Location Quotients 

1. What is a location quotient (LQ)

Location Quotient (LQ) is a widely used geographic index to measure specialisation. LQ is applied for measuring and mapping relative distributions/concentrations of a subarea (i.e. a census output area, census block or neighbourhood) within a larger area as a whole (i.e. a city or police force jurisdiction). Originally used within economic geography, the LQ was introduced into criminological research in the 1990s by the Brantinghams (Brantingham, P.L. & Brantingham, P.J., 1998)

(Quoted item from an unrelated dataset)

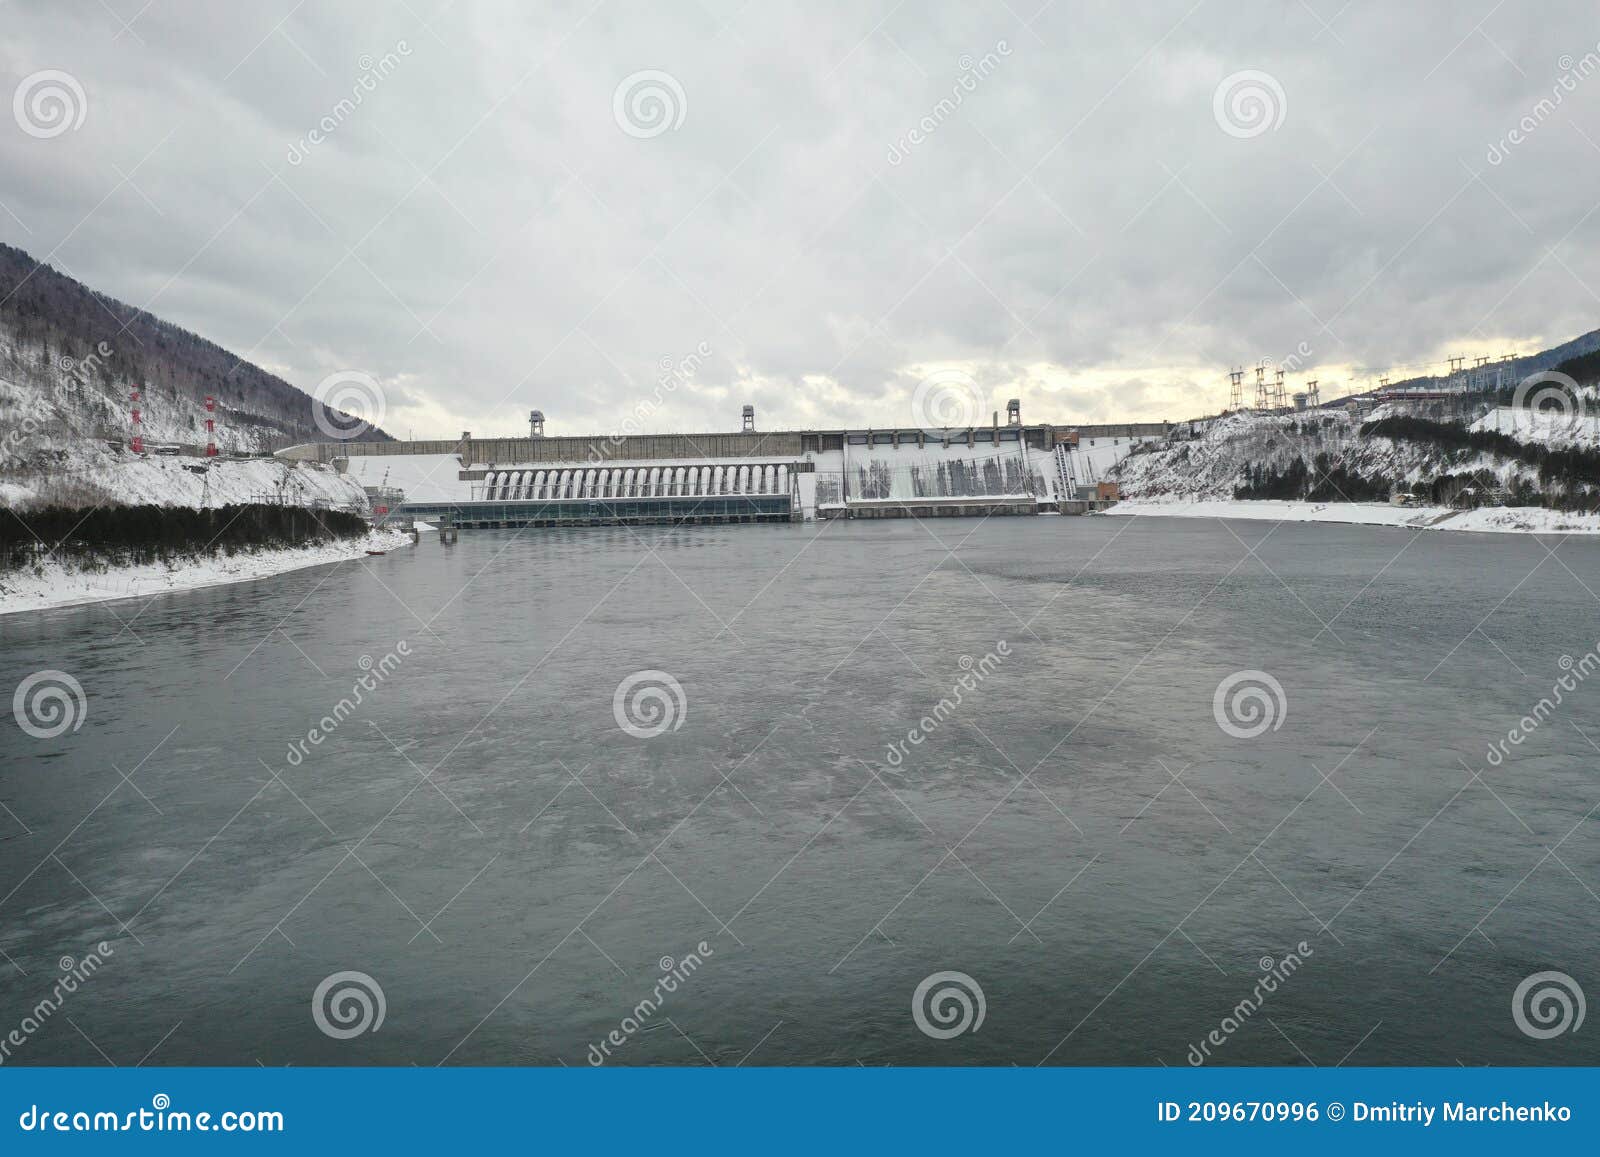 Krasnoyarsk Dam and Power Plant on Enisey River from Aerial View

Source: Brantingham and Brantingham (1998)

The equation for using the LQ to determine crime specialisation is shown in the figure. Here the equation would be measuring the 'crime mix' (distributions of crime types) and speciality within a geographic area, controlling for differences in population. Using the LQ in this way would help identify geographical areas that may be centres for property crime or violent crime for example. A cited benefit of this approach is that we could uncover specialised crime problems in otherwise low-crime areas that could be overlooked.

The table below illustrates how LQ can help understand over and under-representation of crime problems in a geographical area. In the table example, when considering the rate of theft of motor vehicles, an analyst in the East Area of London's Metropolitan Police would assess the problem in Barking & Dagenham as being greater than its neighbour Havering.  When using the LQ we are taking into account overall crime in an area.

Using the LQ alongside the rate, we can see that Havering in the East Area of London actually has a larger vehicle theft problem relative to its overall crime. Using another example - when looking at two London Boroughs Havering and Kensington & Chelsea - each has the same rate of vehicle theft, but there is an over-representation of vehicle thefts in Havering (1.6) and an under-representation in K&C (0.8) relative to their total crime problem.

The LQ calculation, using Barking & Dagenham as an example is as follows:

Example of LQ applied for theft of motor vehicle offences in Apr-2023 to Sep-2023, data from https://data.london.gov.uk/dataset/mps-monthly-crime-dahboard-data 

1.1 Interpreting Location Quotients

The LQ provides a standardised value whereby a score of 1.0 means that there is an average representation. 

Values greater than 1 indicate over-representation and values under 1 indicate under-representation.

2. Different applications of LQ

There are multiple examples of how LQ can be used to assess over and under-representation of crime. We've already looked at an example concerning larger geographical units (London Boroughs). Below are some visual representations of LQ applied using different types of locations.

2.1 Large geographical units

The first example shows the LQ for unrecovered motor vehicle thefts for counties in the US border states (Block, S. et al 2011). This map was republished in a POP Center problem guide The Export of Stolen Vehicles Across Land Borders

The LQ here is used to illustrate that areas in close proximity to Mexico and large ports had substantially higher unrecovered vehicle thefts than would otherwise be expected. Thefts of vehicles that were unrecovered were used as a proxy for stolen to export. 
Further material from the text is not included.